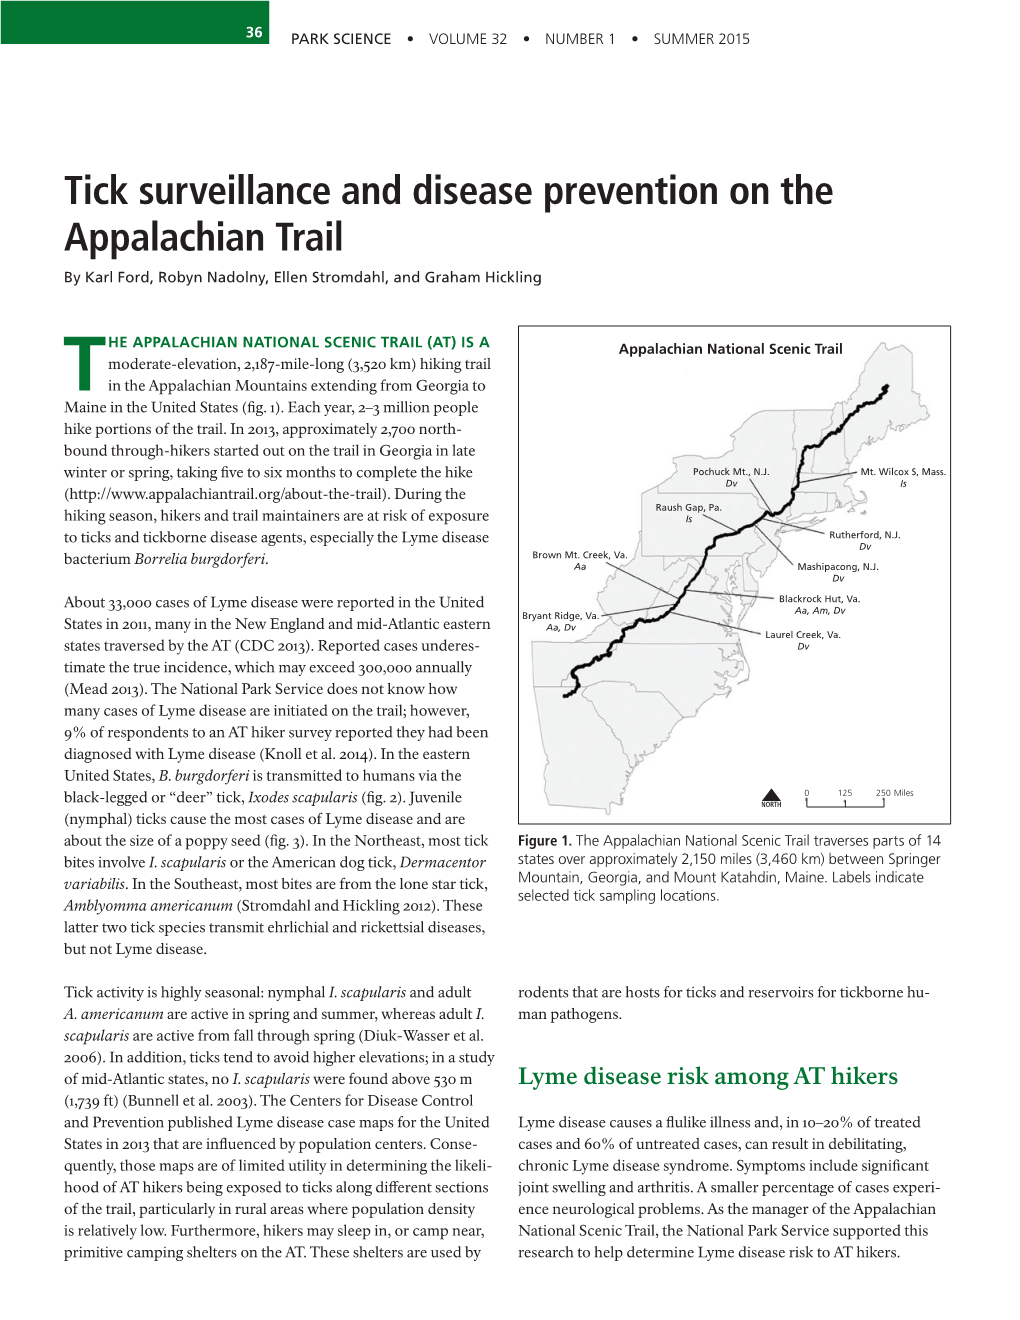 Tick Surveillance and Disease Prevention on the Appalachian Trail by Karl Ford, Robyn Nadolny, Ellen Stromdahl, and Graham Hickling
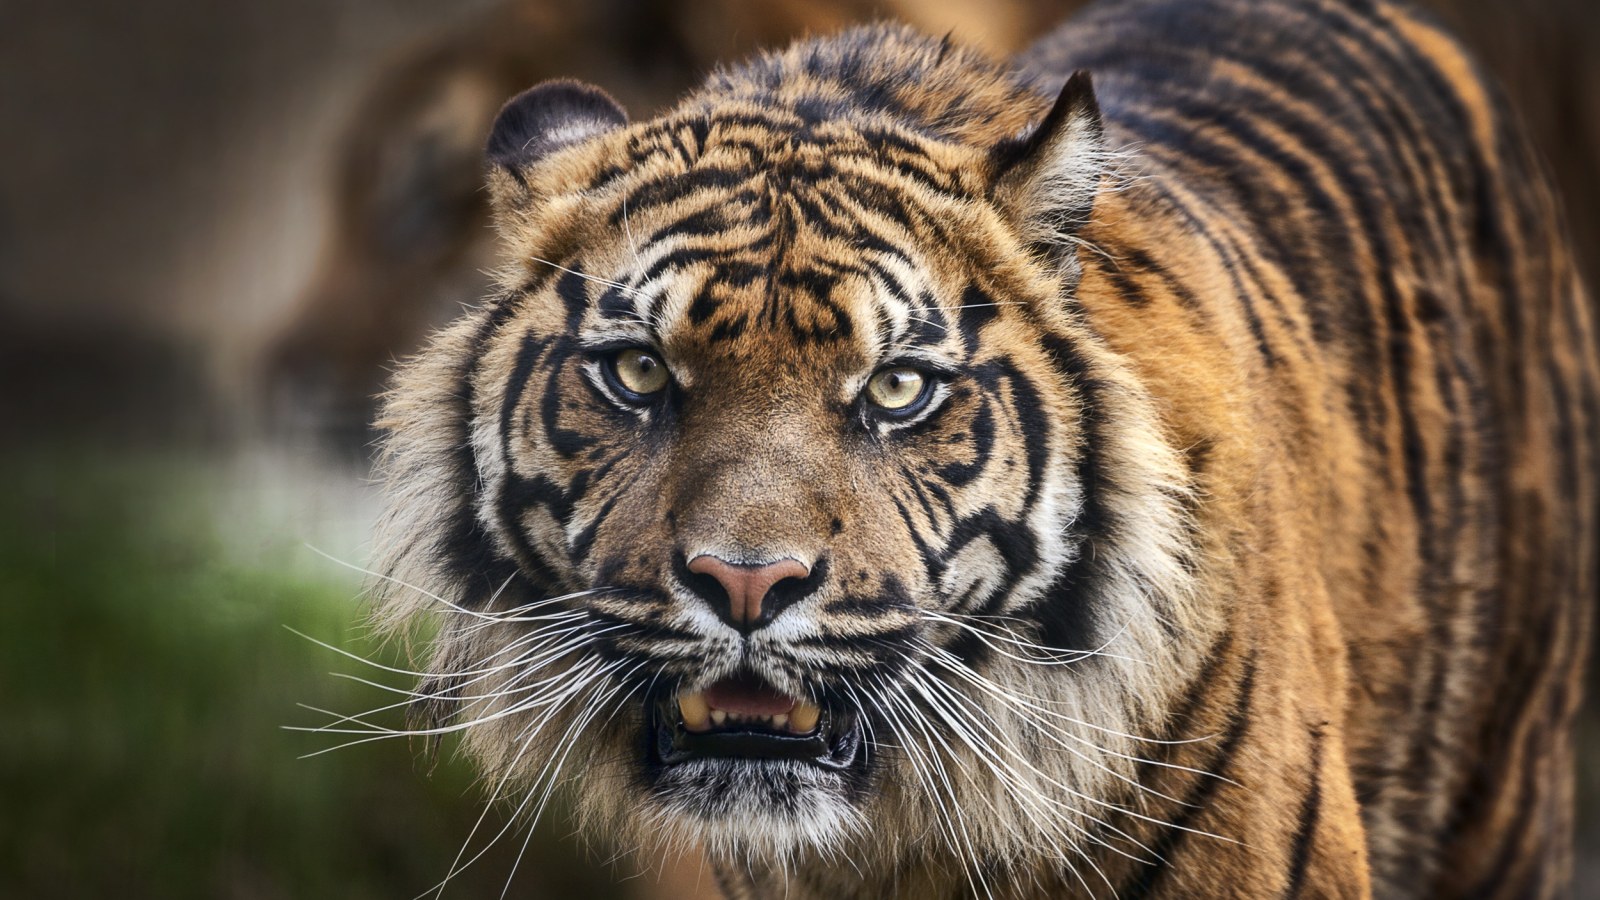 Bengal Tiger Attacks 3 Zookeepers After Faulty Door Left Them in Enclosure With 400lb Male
---
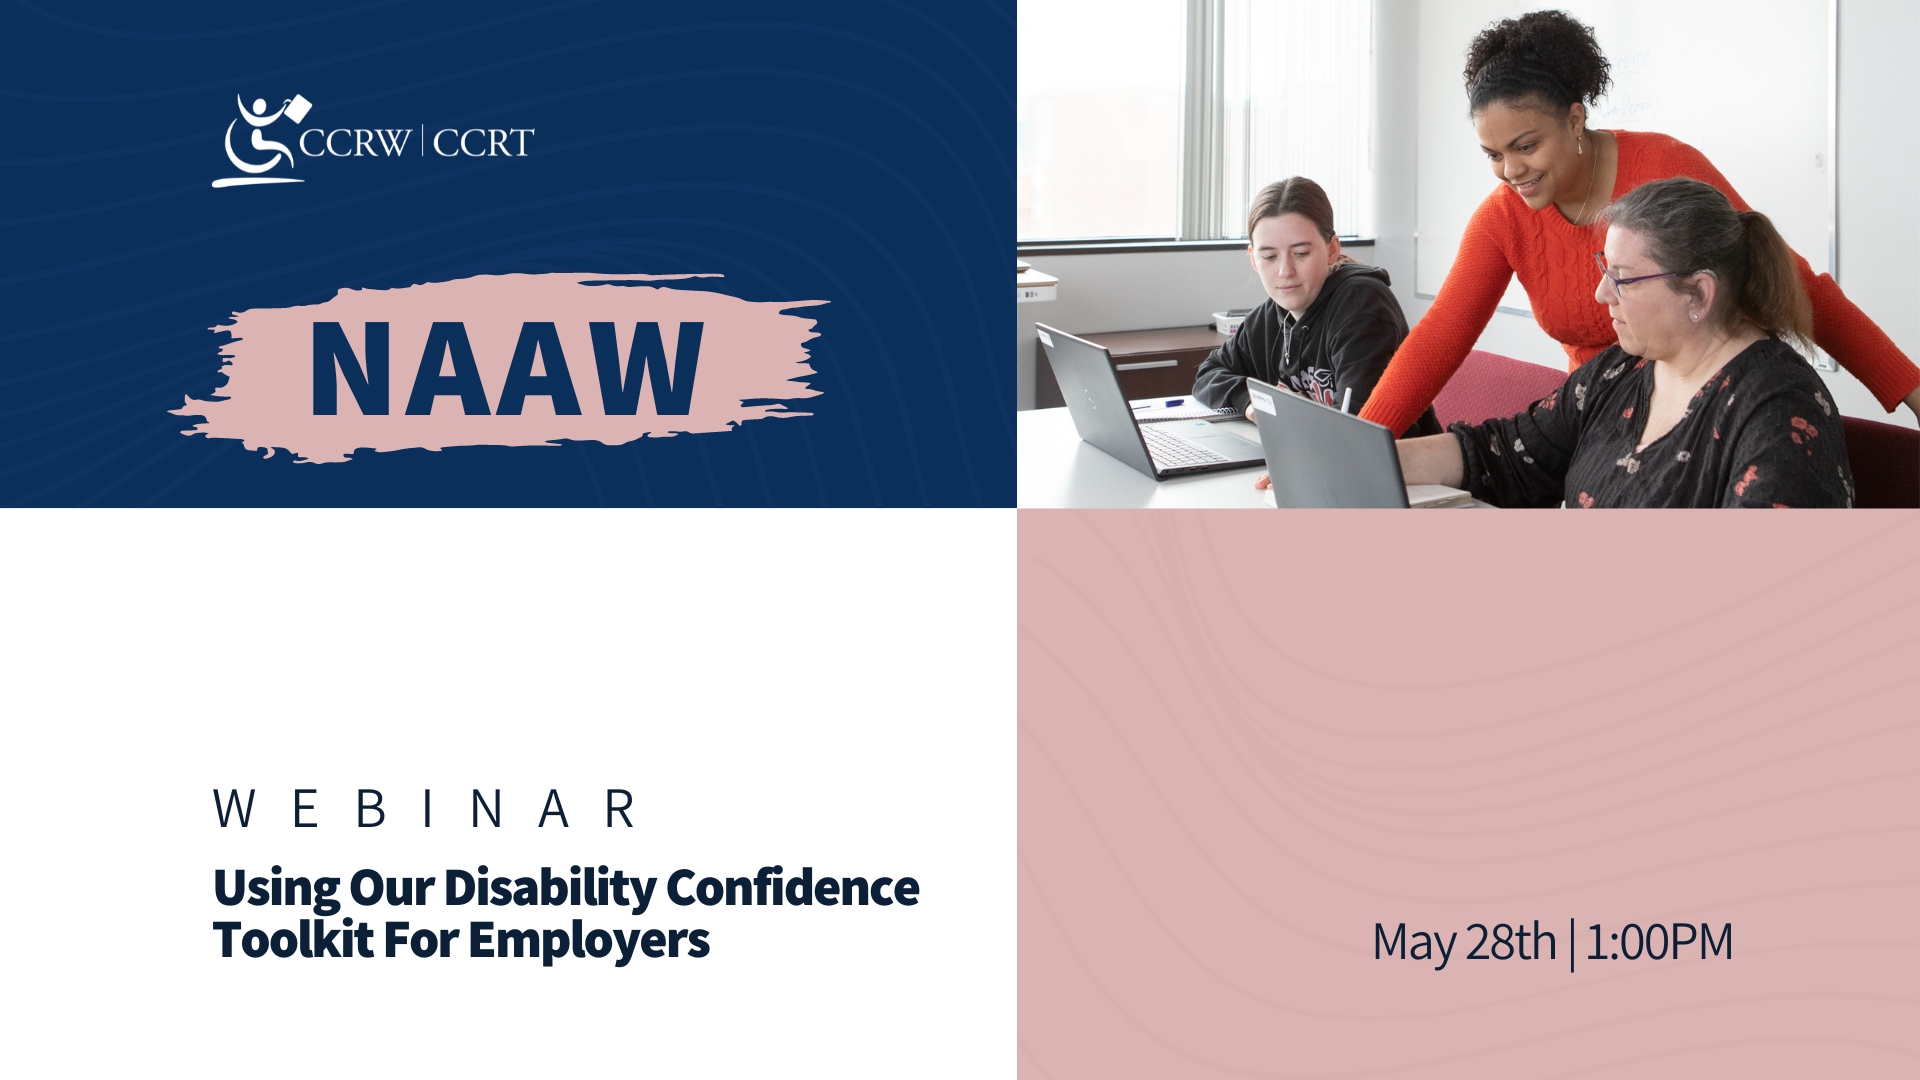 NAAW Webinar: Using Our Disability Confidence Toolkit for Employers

# Work order
Only the lines between the one with "Tick Surveillance and" and the one with "Bengal Tiger Attacks", those two included, get copied from the material above. Keep it exact and free of pictures.

# Solution below
 Tick Surveillance and Disease Prevention on the Appalachian Trail by Karl Ford, Robyn Nadolny, Ellen Stromdahl, and Graham Hickling
 Bengal Tiger Attacks 3 Zookeepers After Faulty Door Left Them in Enclosure With 400lb Male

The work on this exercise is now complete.